The commission found that the merging parties were close competitors and said that no evidence was discovered during the investigation that the customers of the merging parties would benefit post-merger.

Further, the commission found that barriers to entry in the mining and supply of andalusite were relatively high, as the capital requirements and regulatory requirements were significant.

Calderys, the downstream arm of Imerys, was a major player in the supply of refractory products and the commission believed that the merged entity would have an incentive to engage in input foreclosure through Calderys to the detriment of competition downstream.

Andalusite formed part of the alumina-silicates group of compounds that possessed heat-resistant properties and were widely used in high-temperature industrial processes, such as in furnaces, kilns, crucibles and ladles, which required refractories for steel, cement, aluminium and glass applications.

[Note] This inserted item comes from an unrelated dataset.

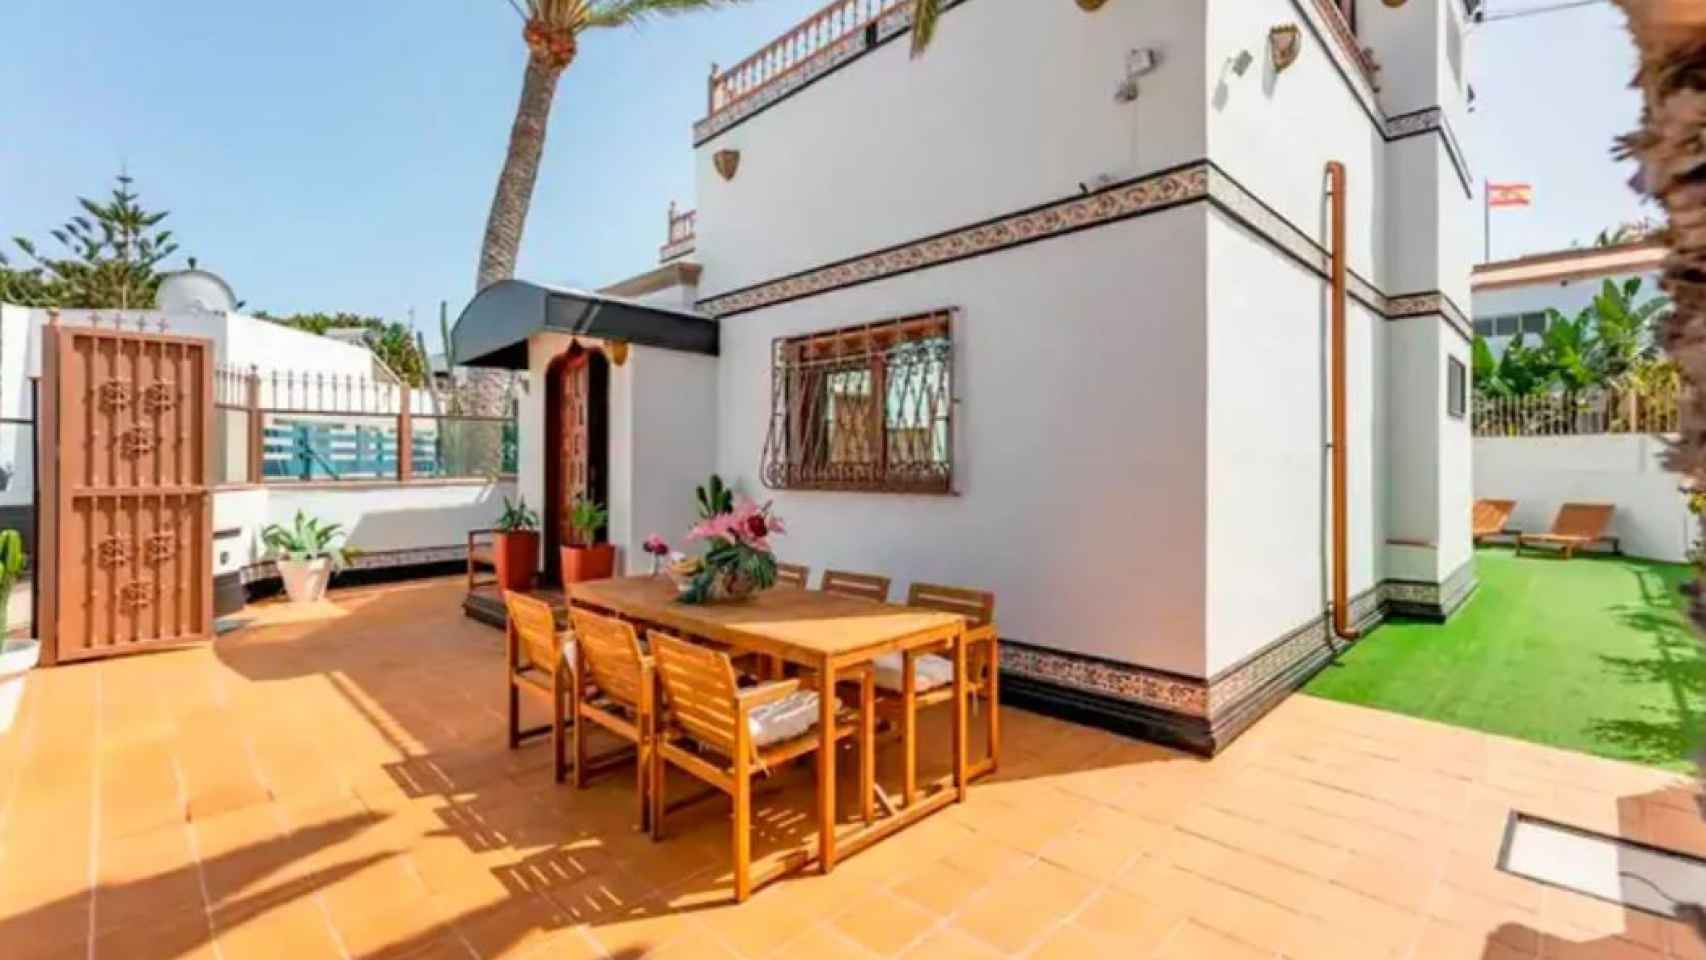 La casa de la presentadora en Fuerteventura.

With the exception of andalusite and chamotte, no other alumina-silicates were mined in South Africa. Such materials were imported from countries such as China, France, Brazil, the US, Russia, Australia and Germany.

“With regard to public interest considerations, the proposed transaction would have an impact on producers of refractories, [as] the iron and steel industries consume the vast majority of alumina-silicate-based refractories.

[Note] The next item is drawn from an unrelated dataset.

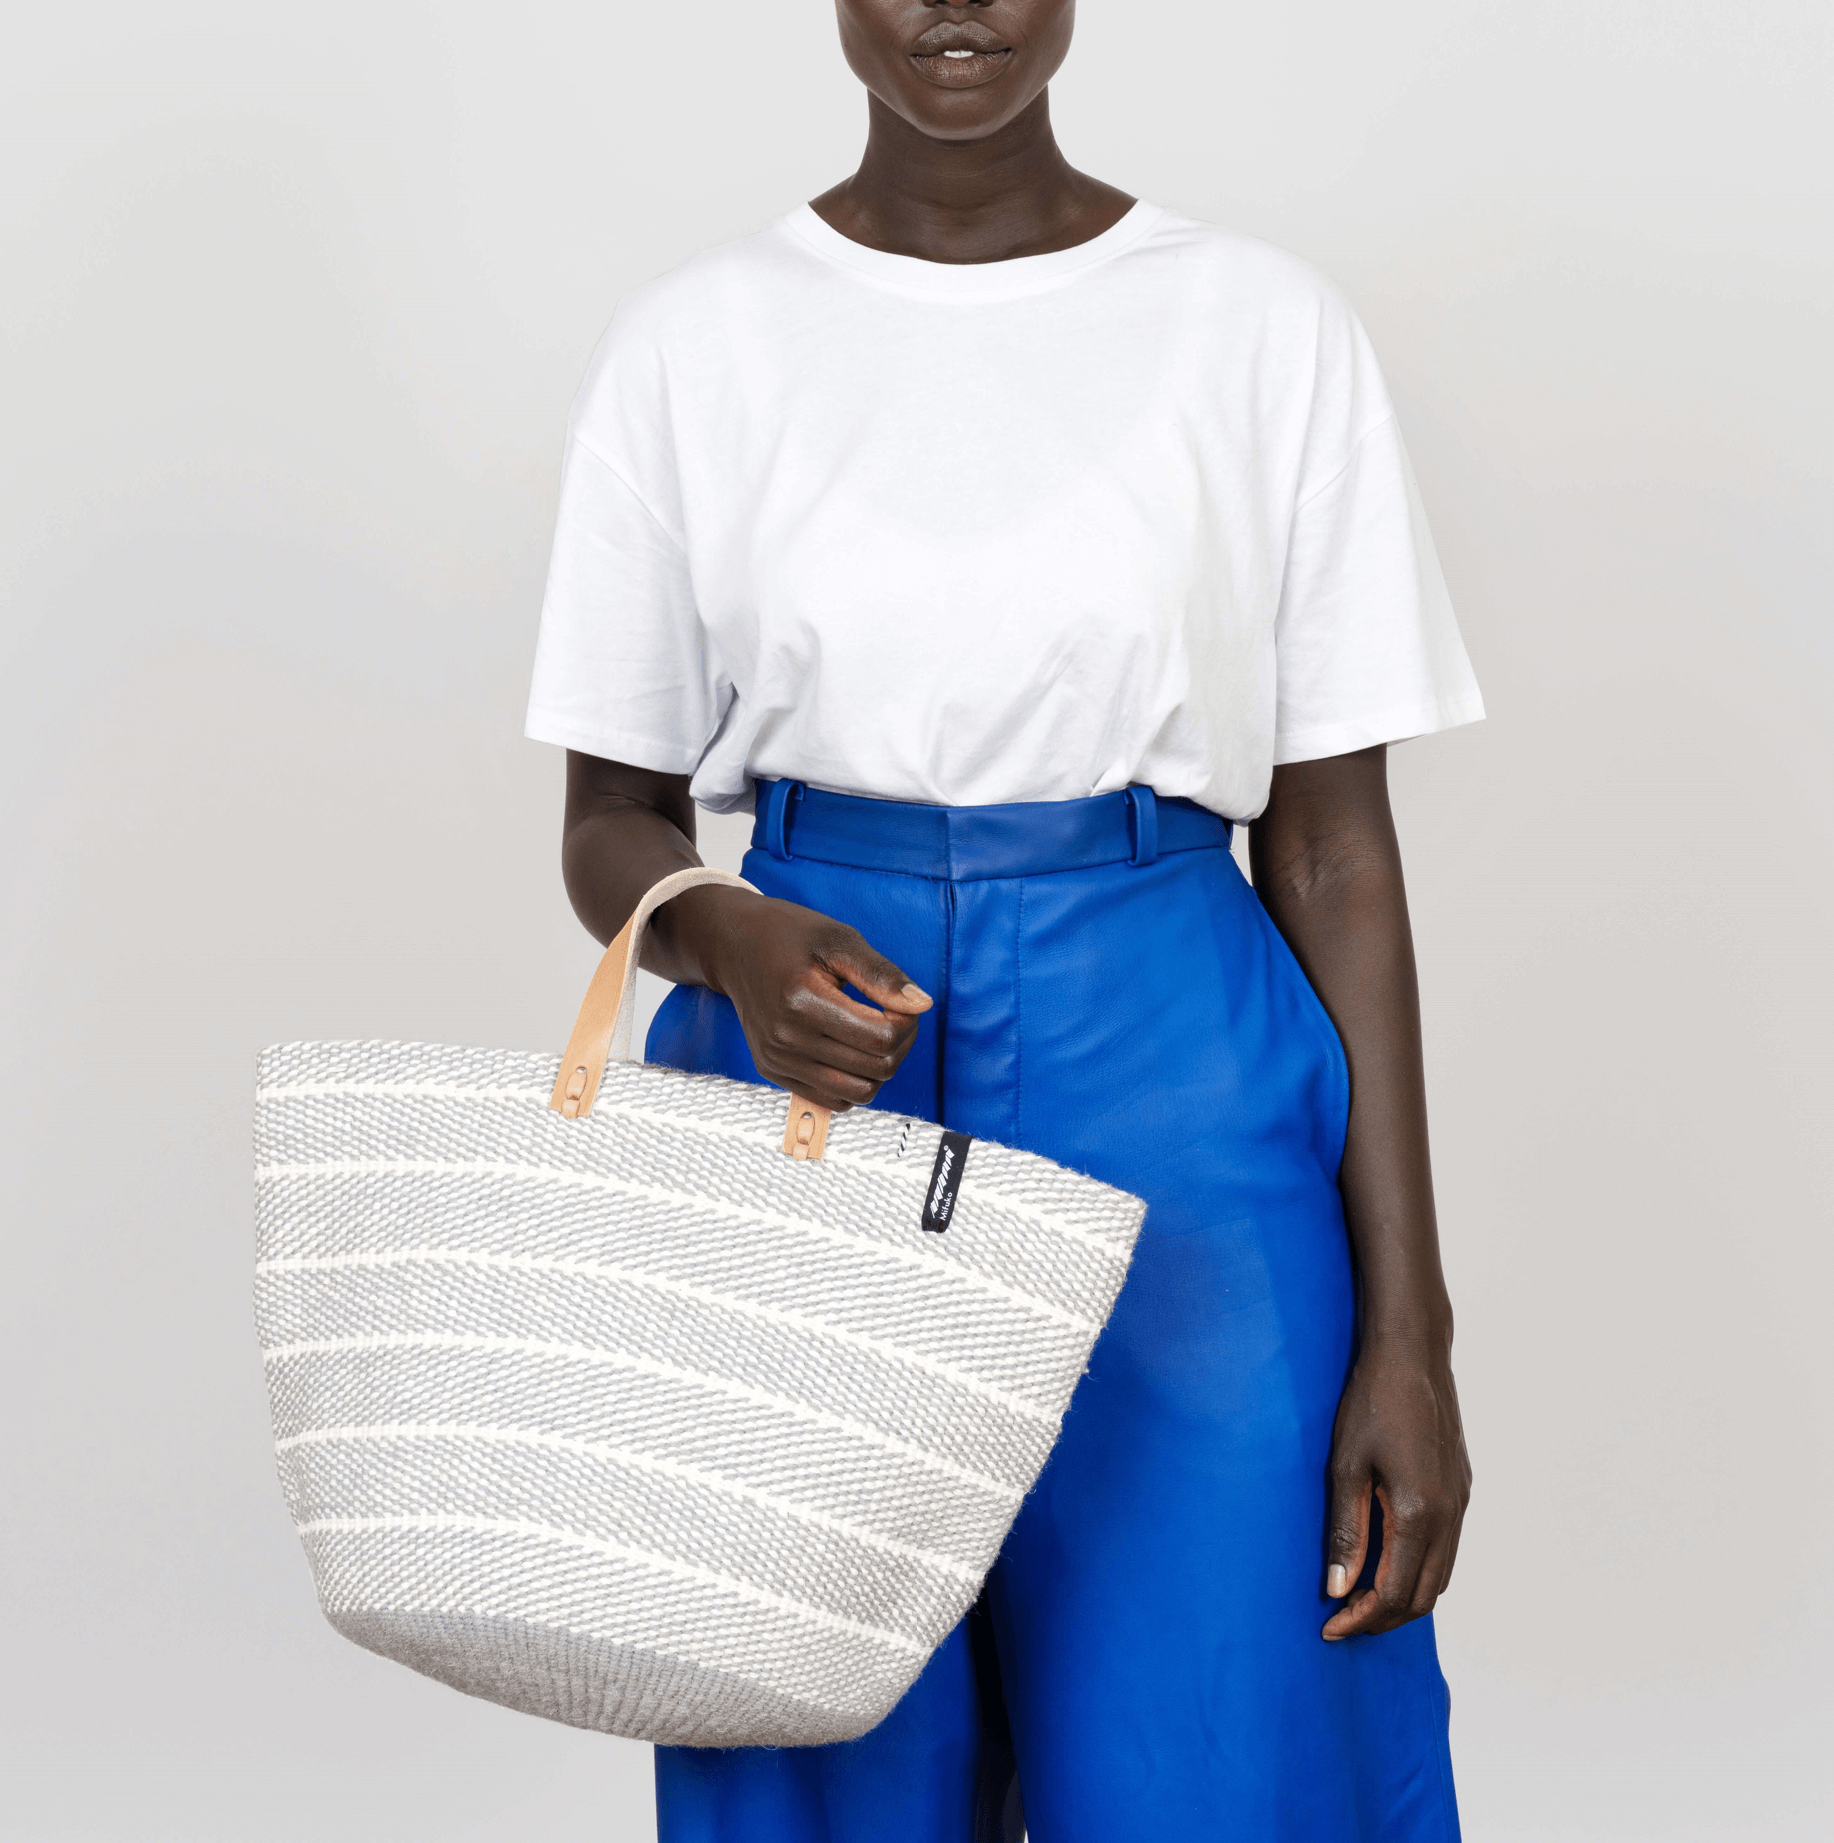 Mifuko Wool and paper Market basket Pamba market  basket | Light grey twill weave M

“Further, the merging parties anticipated that 3.6% of the employees are likely to be retrenched as a result of the proposed merger. The commission is of the view that the merging parties have failed to provide evidence on how the proposed transaction would enable them to become more competitive globally given that they are currently the main players in the global market for andalusite,” it stated.

The commission added that it had received concerns from both the producers of refractories and end-users that the proposed transaction removed competition, as there would be no alternative supplier of andalusite locally, post-merger.

In response to the concerns raised, the merging parties proposed a supply condition limited to two to three years for all grades of andalusite other than coarse grade.

However, customers’ general view was that the merger should not be allowed and that the proposed remedy would not address their concerns with the proposed transaction.

“The commission is also of the view that the structural changes in the market brought about by the proposed transaction are not addressed by the proposed remedy.The proposed transaction is likely to lead to a substantial prevention or lessening of competition in the market for the mining and supply of andalusite in South Africa and is, therefore, prohibited.

“There is no evidence of any pro-competitive or public interest benefits that may arise as a result of the proposed transaction that will outweigh the anticompetitive effects identified,” it concluded.